I once made the mistake of being totally seduced by a manager's credentials - I was a general manager seeking to employ a manager - and failing to look hard enough at who he was rather than what he was. Yes, he had the credentials and was very good at his job. But he wasn't a team player and saw everything as a competition, mainly between him and the other managers. Fine in itself, but it didn't work for me or the other managers, who all wanted to pull together. This was one case where I was not good at finding the right person. I had found the wrong person and it took a lot to extricate myself. I had only myself to blame because I hadn't thought sufficiently about who I wanted.
If you're not good at this, or think you could improve, invite somebody you respect to sit in on interviews with you to give you another perspective. Find a mentor or coach to help you work out who you really need
14. Take the rap
"The leaders who work most effectively, it seems to me, never say 'I.' And that's not because they have trained themselves not to say 'I.' They don't think 'I' They think 'we'; they think 'team.' They understand their job to be to make the team function. They accept responsibility and don't sidestep it, but 'we' gets the credit . . . This is what creates trust, what enables you to get the task done." Peter F. Drucker, Managing the Nonprofit Organization
.Sorry, but if the team screws up, it is entirely your fault. If the team does well, the credit is all theirs. A good manager will always take the rap. I know it's easy to use your team as an excuse, but it won't wash. You are the leader, the manager, the boss. If it all goes pear-shaped you have to stand up and take the flack.
It is very easy to say, 'We didn't meet our targets because . . .' But you have to say, 'I didn't meet my targets because . . .' And that 'because' has to be followed by 'I', never 'they'.
It is easy to say, 'We didn't meet our targets because young Brian accidentally upset Client X and they pulled out leaving us short of our sales'. But who put young Brian in charge of such an important client? You. Who organized the sale? You. It has to be you. And your team will die for you if you ask it to, if you take the rap when the going gets tough, believe me. Nothing generates more loyalty than a boss who's prepared to stand up and say, 'I take responsibility'.

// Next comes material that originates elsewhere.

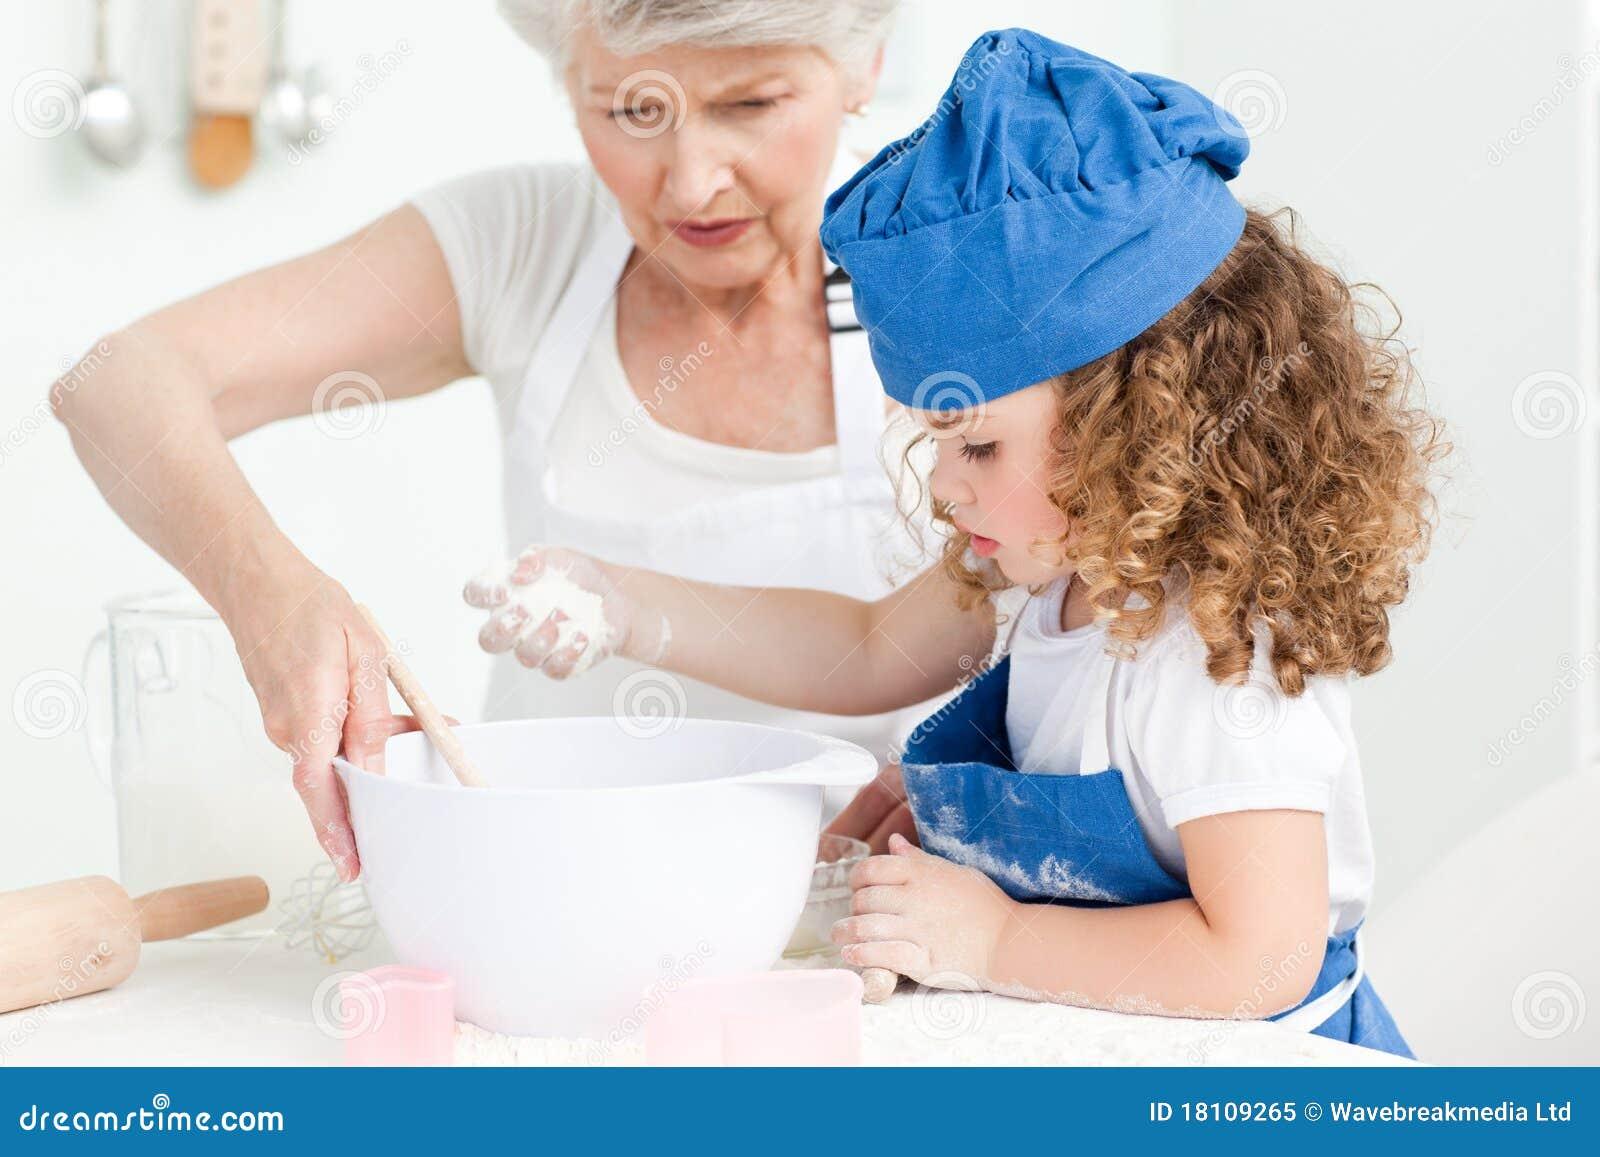 С бабушкой на кухне 7 фотография

But I also know this is a tough one, really tough to do. It takes self-confidence, courage, trust (that you won't get sacked or disciplined) and a certain maturity.
You might think it will go against you, look as if you are incompetent, but on the contrary. If your boss sees you stand up and say, We lost the contract and I take responsibility - these are the steps we're taking to make sure it doesn't happen again' they won't see a failure - they will see a future board member.